Design/methodology/approach
To test our predictions, we use instrumental variable–generalized method of moments estimation techniques on 15,517 firm-year observations from equity alliance portfolios in the global food industry across a 21-year window.
Findings
We find support for our predictions and show that the relationship between network degree centrality and firm performance is negatively influenced by partners’ learning capacity and positively influenced by focal firms’ learning capacity, while firms with low network degree centrality benefit less from their learning capacity.

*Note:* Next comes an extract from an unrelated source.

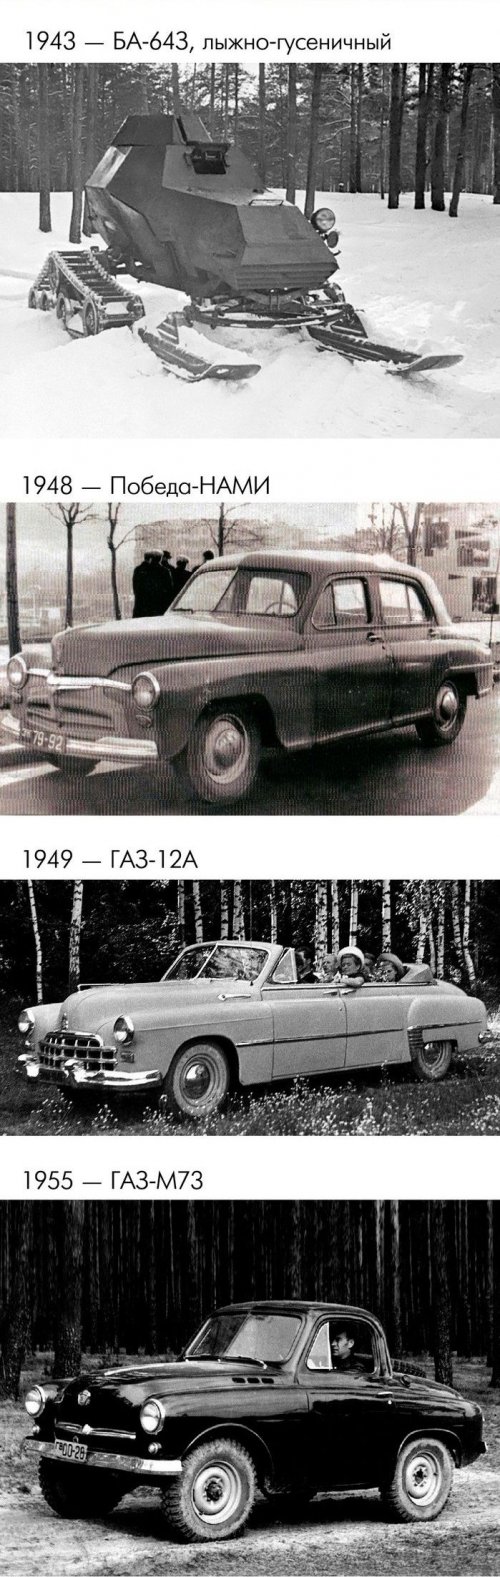 Концептуальные модели ГАЗ, не пошедшие в производство (26 фото)
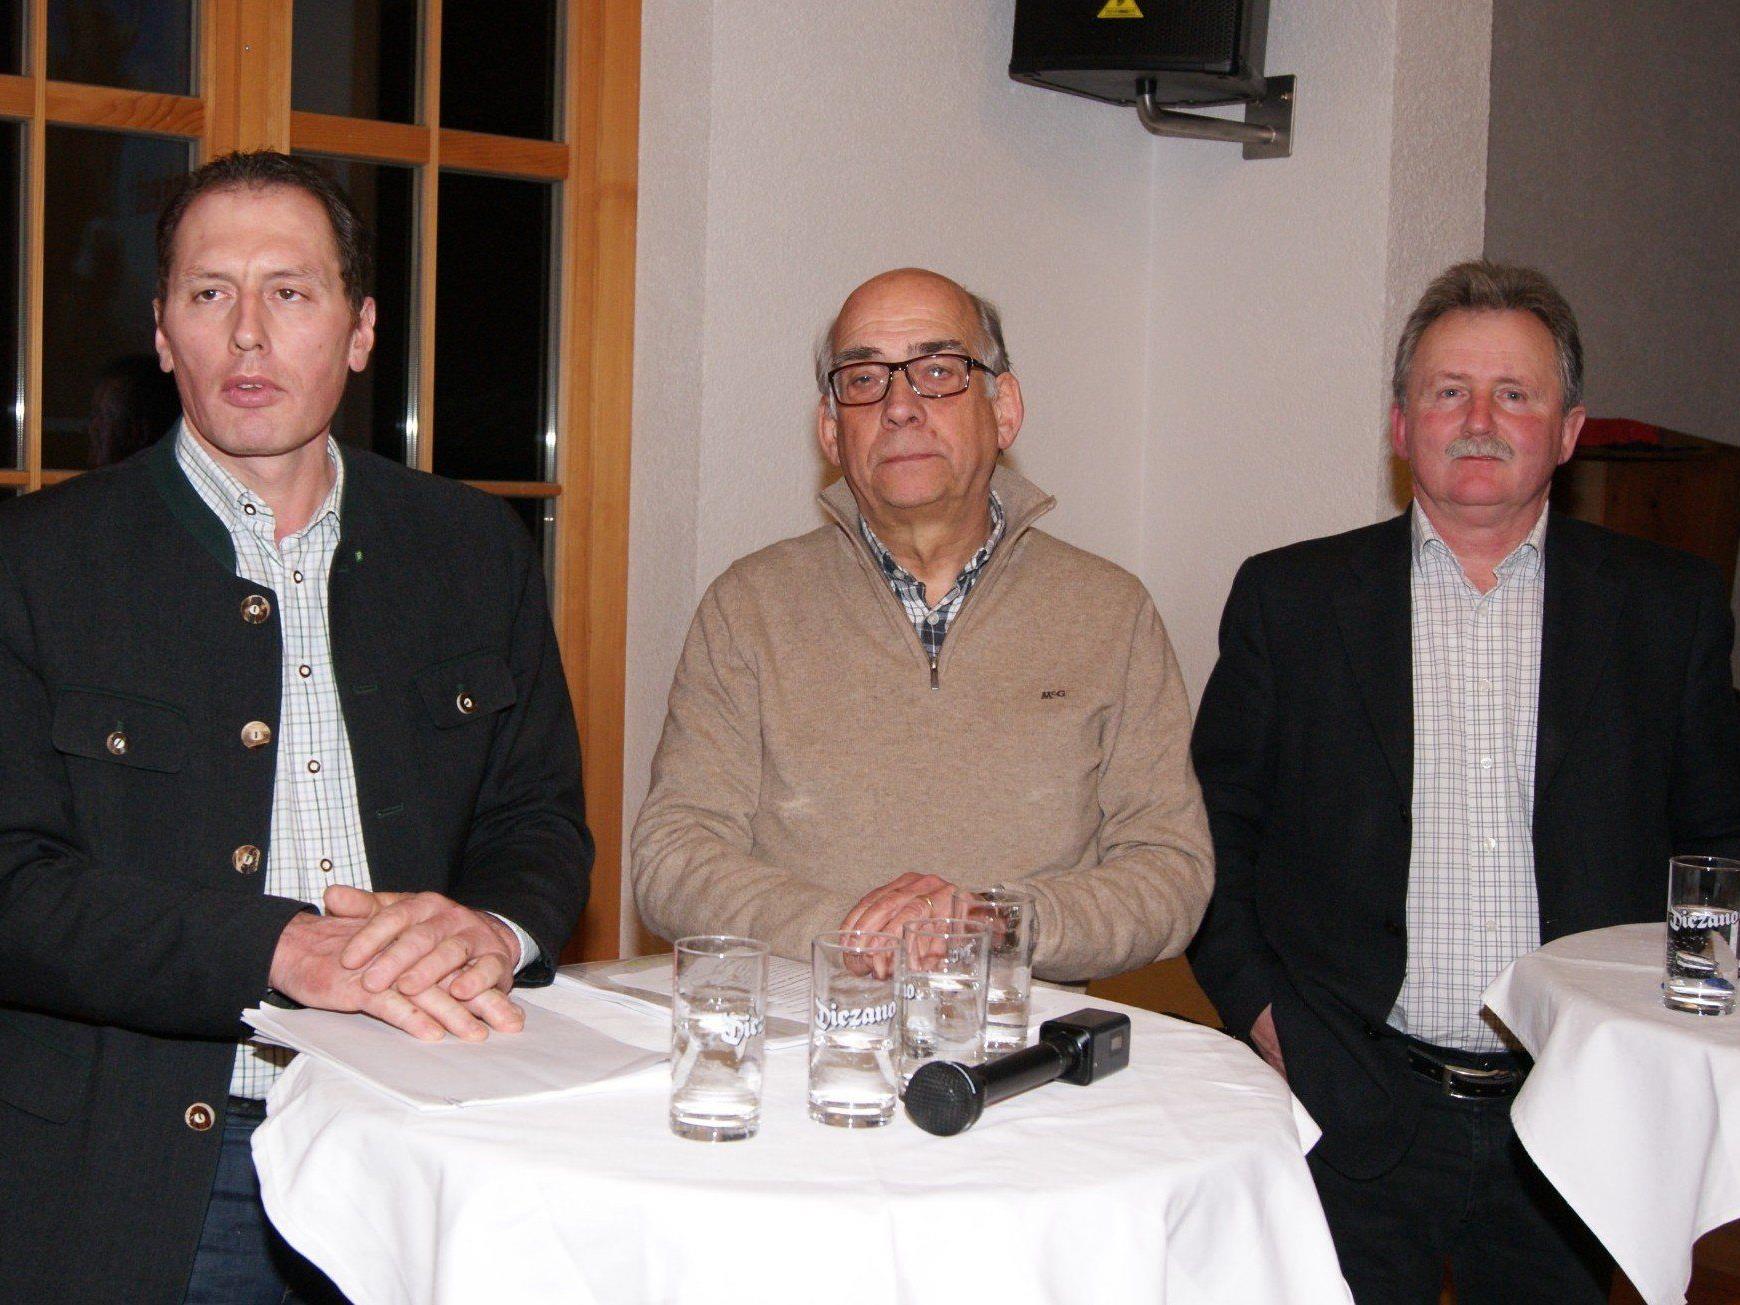 Am Podium informieren unter anderem Josef Moosbrugger, Ernst Albrich und Markus Netzer.

Research limitations/implications
Future developments in transaction cost economics may consider partner and focal firms’ learning capacity as moderators of the network degree centrality – firm performance relationship.
Practical implications
In alliance decisions, managers must consider that the combination of high network degree centrality and partners’ learning capacity can lead to high costs, risks of unintentional learning, and structural inertia, all of which have negative consequences for performance. In concentrated industries where network positions are controlled by a few large firms, policymakers must acknowledge that firms may face substantial barriers to collaboration with learning-intensive firms.
Originality/value
This study is the first to develop and test a comprehensive transaction cost analysis of the central firm’s unintended knowledge flows and structural inertia in alliance networks. It is also the first to incorporate theoretically and empirically the hazards of complex and unintended information flows on the relationship of network degree centrality to performance in equity alliance portfolios.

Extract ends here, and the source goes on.